I have a table with a field A where each entry is a fixed length array A of integers (say length=1000). I want to know how to convert it into 1000 columns, with column name given by index_i, for i=0,1,2,...,999, and each element is the corresponding integer. I can have it done by something like
A[OFFSET(0)] as index_0,
A[OFFSET(1)] as index_1
A[OFFSET(2)] as index_2,
A[OFFSET(3)] as index_3,
A[OFFSET(4)] as index_4,
...
A[OFFSET(999)] as index_999,
I want to know what would be an elegant way of doing this. thanks!
The first thing to say is that, sadly, this is going to be much more complicated than most people expect. It can be conceptually easier to pass the values into a scripting language (e.g. Python) and work there, but clearly keeping things inside BigQuery is going to be much more performant. So here is an approach.
Cross-joining to turn array fields into long-format tables
I think the first thing you're going to want to do is get the values out of the arrays and into rows.
Typically in BigQuery this is accomplished using CROSS JOIN. The syntax is a tad unintuitive:
WITH raw AS (
SELECT "A" AS name, [1,2,3,4,5] AS a
UNION ALL
SELECT "B" AS name, [5,4,3,2,1] AS a
),
long_format AS (
SELECT name, vals
FROM raw
CROSS JOIN UNNEST(raw.a) AS vals
)
SELECT * FROM long_format
UNNEST(raw.a) is taking those arrays of values and turning each array into a set of (five) rows, every single one of which is then joined to the corresponding value of name (the definition of a CROSS JOIN). In this way we can 'unwrap' a table with an array field.
This will yields results like
name | vals
-------------
A | 1
A | 2
A | 3
A | 4
A | 5
B | 5
B | 4
B | 3
B | 2
B | 1
Confusingly, there is a shorthand for this syntax in which CROSS JOIN is replaced with a simple comma:
WITH raw AS (
SELECT "A" AS name, [1,2,3,4,5] AS a
UNION ALL
SELECT "B" AS name, [5,4,3,2,1] AS a
),
long_format AS (
SELECT name, vals
FROM raw, UNNEST(raw.a) AS vals
)
SELECT * FROM long_format
This is more compact but may be confusing if you haven't seen it before.
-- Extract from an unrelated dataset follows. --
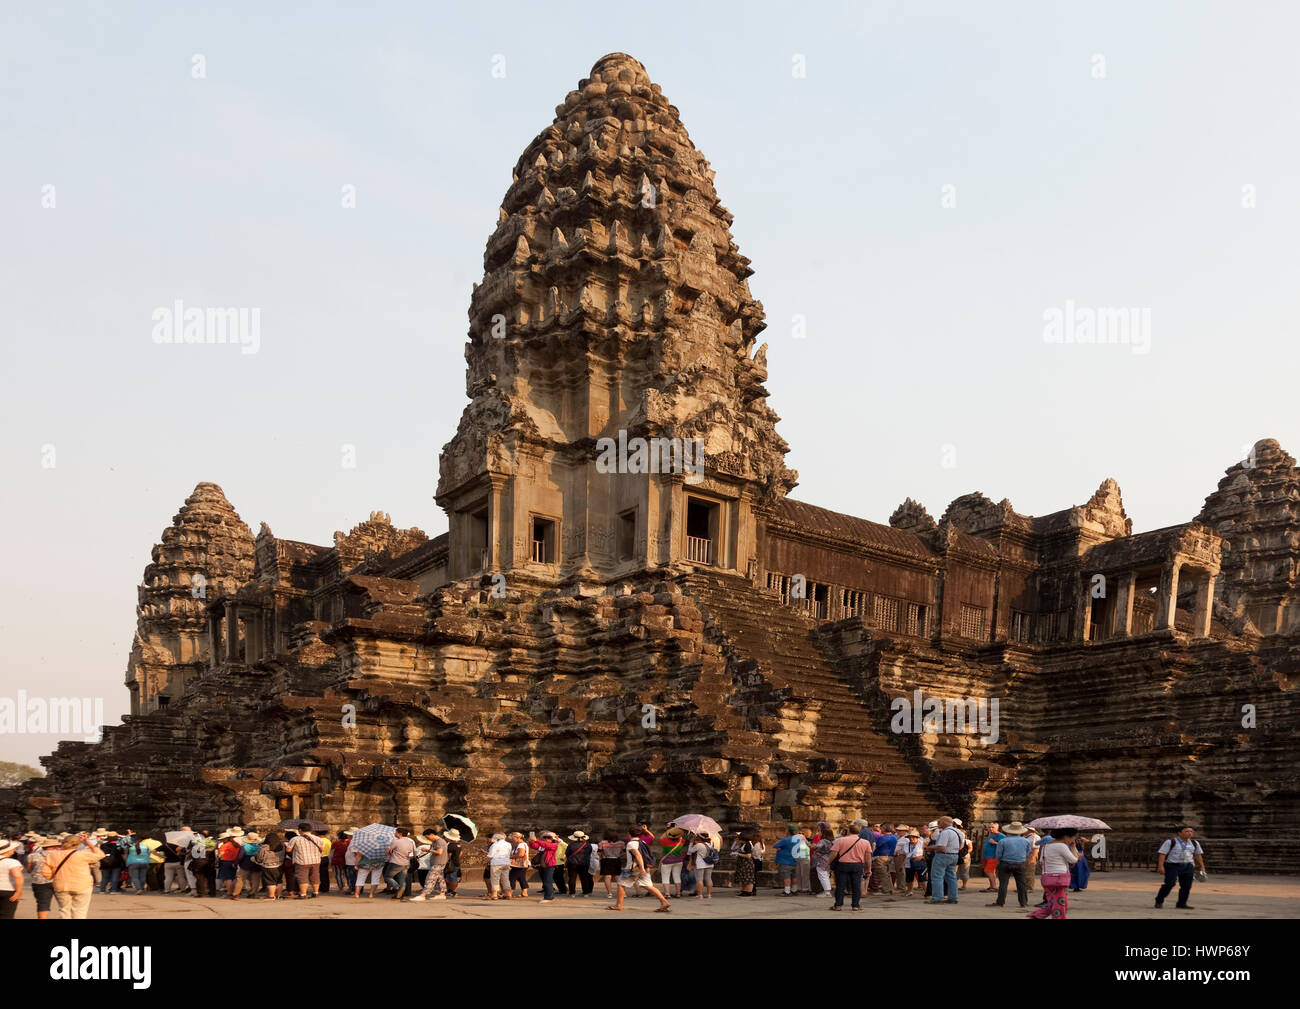 Tourists queue to climb steps to top of the temple at Angkor Wat Stock Photo

Typically this is where we stop. We have a long-format table, created without any requirement that the original arrays all had the same length. What you're asking for is harder to produce - you want a wide-format table containing the same information (relying on the fact that each array was the same length.
Pivot tables in BigQuery
The good news is that BigQuery now has a PIVOT function! That makes this kind of operation possible, albeit non-trivial:
WITH raw AS (
SELECT "A" AS name, [1,2,3,4,5] AS a
UNION ALL
SELECT "B" AS name, [5,4,3,2,1] AS a
),
long_format AS (
SELECT name, vals, offset
FROM raw, UNNEST(raw.a) AS vals WITH OFFSET
)
SELECT *
FROM long_format PIVOT(
ANY_VALUE(vals) AS vals
FOR offset IN (0,1,2,3,4)
)
This makes use of WITH OFFSET to generate an extra offset column (so that we know which order the values in the array originally had).
Also, in general pivoting requires us to aggregate the values returned in each cell. But here we expect exactly one value for each combination of name and offset, so we simply use the aggregation function ANY_VALUE, which non-deterministically selects a value from the group you're aggregating over. Since, in this case, each group has exactly one value, that's the value retrieved.
The query yields results like:
name vals_0 vals_1 vals_2 vals_3 vals_4
----------------------------------------------
A 1 2 3 4 5
B 5 4 3 2 1
This is starting to look pretty good, but we have a fundamental issue, in that the column names are still hard-coded. You wanted them generated dynamically.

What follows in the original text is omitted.